Insufficient Tenant Protections Leave Manufactured Home Park Residents in Florida Vulnerable to Displacement
Jun 09, 2025
By Katie Renzi, Research Intern and Sarah Abdelhadi, Manager, State and Local Research
A recent article published in Urban Studies, “Eviction from Manufactured Home Parks”, examines the unique vulnerabilities faced by residents of manufactured home parks (MHPs). MHP residents typically own their homes but rent the land beneath the home. Manufactured homes are an important source of affordable housing for lower-income households but are expensive and sometimes impossible to relocate if a household is evicted from their MHP; as a result, evicted MHP residents face not only displacement but also possible loss of a major financial investment. Drawing on data from Florida, the study documents dual forms of displacement: eviction of individual households filed through the court system and mass displacements due to park closures. The findings show that while court-based eviction filing rates in MHPs were generally lower than for conventional renters, park closures and ownership changes were critical and under-recognized catalysts of MHP resident displacement. The authors suggest that targeted rental assistance and strengthening eviction protections could help alleviate the risk of displacement.

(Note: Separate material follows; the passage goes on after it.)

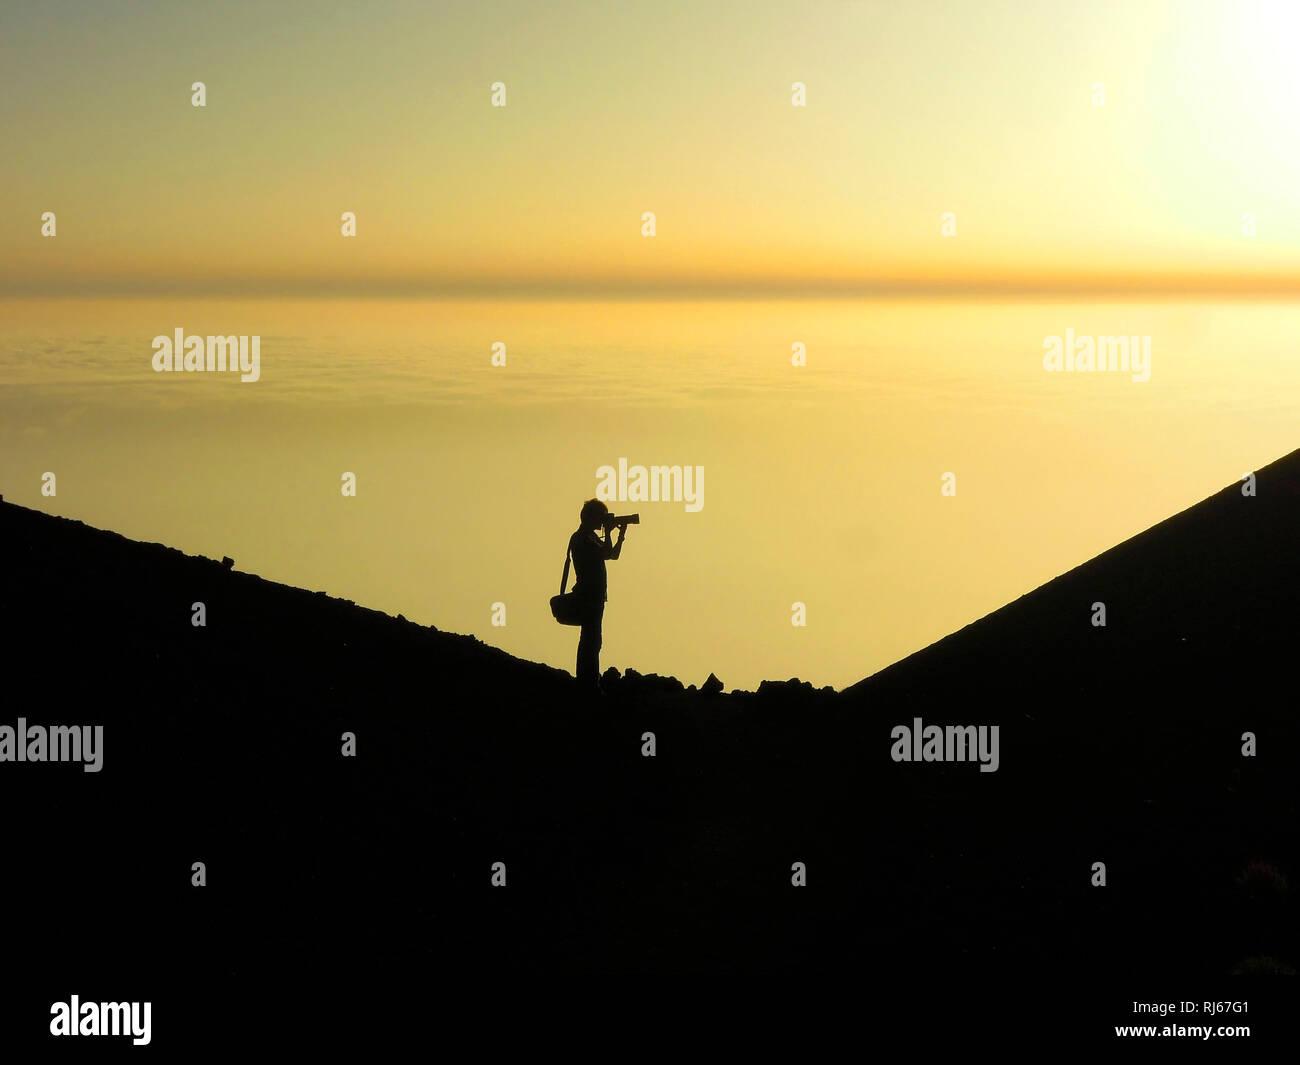 Fotograf fotografiert Sonnenuntergang, Montaña Samara, Nationalpark Teide, Teneriffa, Kanarische Inseln, Spanien - Stock Image

To examine the scale and drivers of displacement in MHPs communities, the researchers created a dataset of registered MHPs in Florida between 2012 and 2022 and their associated eviction filings. Identifying MHP parcels required several sources, including the Florida Department of Revenue and the Florida Department of Business and Professional Regulation, also yielding property sales, ownership, and closure data. The Shimberg Center for Housing Studies provided eviction filings from each of the state’s 67 county courts sorted by defendant addresses. The datasets were merged using spatial joins and address-matching, identifying 2,383 registered MHPs and matching approximately 85% of the 65,122 MHP eviction filings to specific parcels. Additional analyses used five-year demographic data from the 2015-2019 American Community Survey across more than 1,500 Census tracts with MHPs.
The authors found that manufactured home park residents had lower annual eviction filing rates (1.9%) than renters overall in Florida (5.0%), with MHP evictions accounting for less than 6% of all filings over the study period. However, filings were highly concentrated: one-third of all MHP eviction cases originated from just 100 parks, or 2.4% of all MHPs operating during the study period. The study also found that among MHPs that were sold, eviction filings increased by 40% on average in the six months following the park sale, suggesting that changes in ownership may be an important driver of housing instability for MHP residents.
In addition to court-ordered evictions, mass displacements due to park closures were a considerable source of housing loss. These closures often occurred outside formal eviction processes and thus are not captured in court data, even though they result in full community displacement. Between 2012 and 2022, 127 registered MHPs were permanently closed, resulting in the removal of over 6,000 units—an added 9.4% increase in evictions beyond what was captured in court records. Park closures were observed across urban, suburban, and rural areas, with notable clustering in North Florida.
Eviction risk also varied by neighborhood characteristics. Census tracts with high MHP eviction rates (>5%) were more likely to be urban, located in North Florida, have higher shares of Black residents and households with incomes below the poverty line, and lower percentages of elderly residents. In contrast, tracts with low filing rates (<2%) were more likely to be rural, located in South Florida, have higher proportions of elderly and white residents, and exhibit higher vacancy rates (suggesting they are more likely to be seasonal homes). These findings reveal stark geographic and demographic disparities in eviction vulnerability among MHP residents.
The study concludes that while manufactured housing remains a vital source of unsubsidized affordable housing, the land-lease model exposes residents to unique and often unregulated forms of displacement. While Florida’s existing policies, including a right of first refusal for park purchases and limited relocation aid, provide a foundation for protection lacking in most other states, they still fall short of meeting the scale of need. Florida has more MHPs than any state except California, and about one in every 14 occupied housing units is a manufactured home. The authors recommend several policy responses: increased relocation assistance, extended notice periods for eviction, emergency rental assistance for small debts, and stronger support for resident-led ownership models. They also note the limitations of court data, which miss mass displacements and informal evictions, and call for future research on ownership structures and outcomes in other states.